Heavy is The Head That Wears The Crown
Earlier today I was talking to my dad on the phone, and when we finished having our conversation, I realized how free I've gotten with him over the years, compared to before, when talking to him felt like I was talking to a drill sergeant and one wrong word from me could see me get punished.
Back then, it was so bad that whenever I and my siblings were in the living room watching television and my dad came to sit with us, we would all get up one after the other and leave the room. This wasn't because we didn't want to be in the same room with him, but this was because we were scared of the man and didn't want to get punished by him for doing anything.
But the same wasn't the case for my mom, and this was because she rarely punished us for anything, and this was mostly because whenever we did something we weren't supposed to, she would wait until my dad got back home from work and then report us to him.
I believe a lot of mothers did this same thing, as the dad is always seen as the one who raises the cane on us, while after getting whooped by him, our mom would occasionally try to make us feel better one way or the other.
Now while this felt good at the time, I believe it was indirectly affecting us in ways we didn't know at the time because slowly, our brain was starting to come to the conclusion that the father was the danger, while the mother was where peace is.

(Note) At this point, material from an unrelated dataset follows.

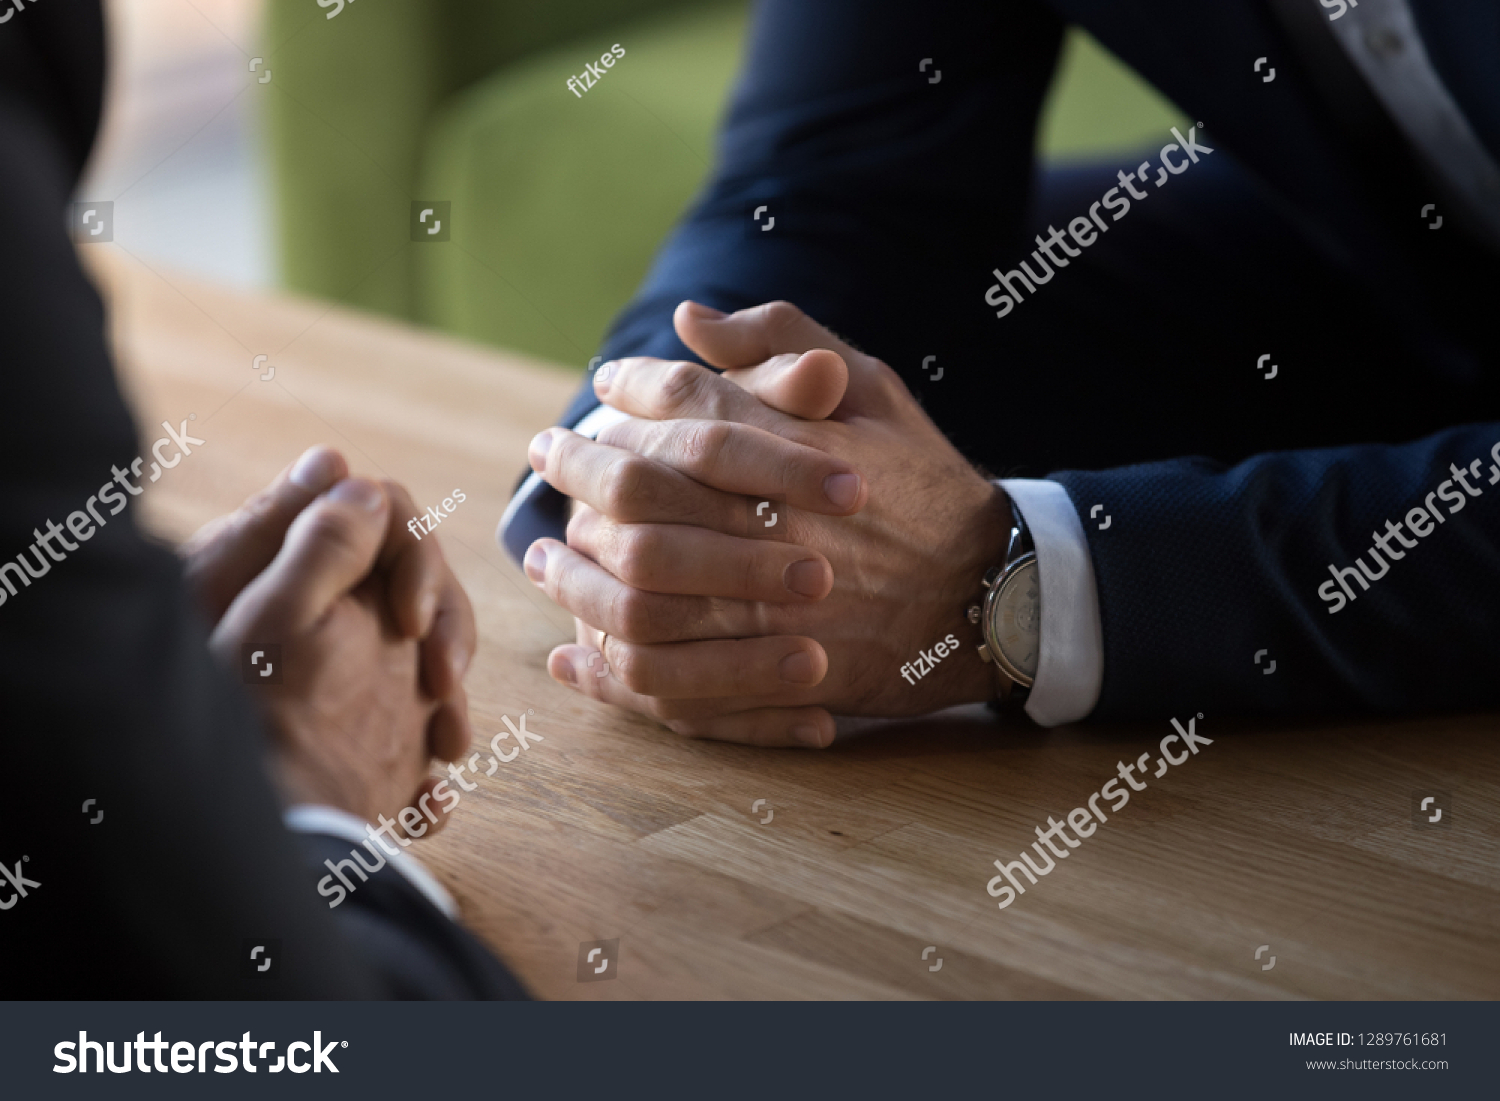 Clasped male hands of two businessmen negotiate at table, hr recruiter making hiring decision at difficult job interview, opponents dialogue debate, business confrontation challenge concept, close up #1289761681

And if you ask me, that was where it all started . That was where the fear for fathers and the love for mothers began. And although I do believe that it wasn't our mother's intention for us to fear our fathers and love them, that is what has been happening, and that is why a lot of kids these days would find it a lot easier spending time on the phone with their mom, while they can't even bear sitting in the same living room with their father for five minutes.
And this is sad, because it does hurt him, but as a man, he says nothing but suck it and probably just believes that was the price he had to pay to train his kids the right way.
My situation was not like you but I can understand the situation as it's the same in most of the families. Maybe I was lucky who played games with my father whenever he was around me.
It doesn't mean he didn't teach me any lesson. He was strict in some cases but he was not fearful one in my eyes to avoid him.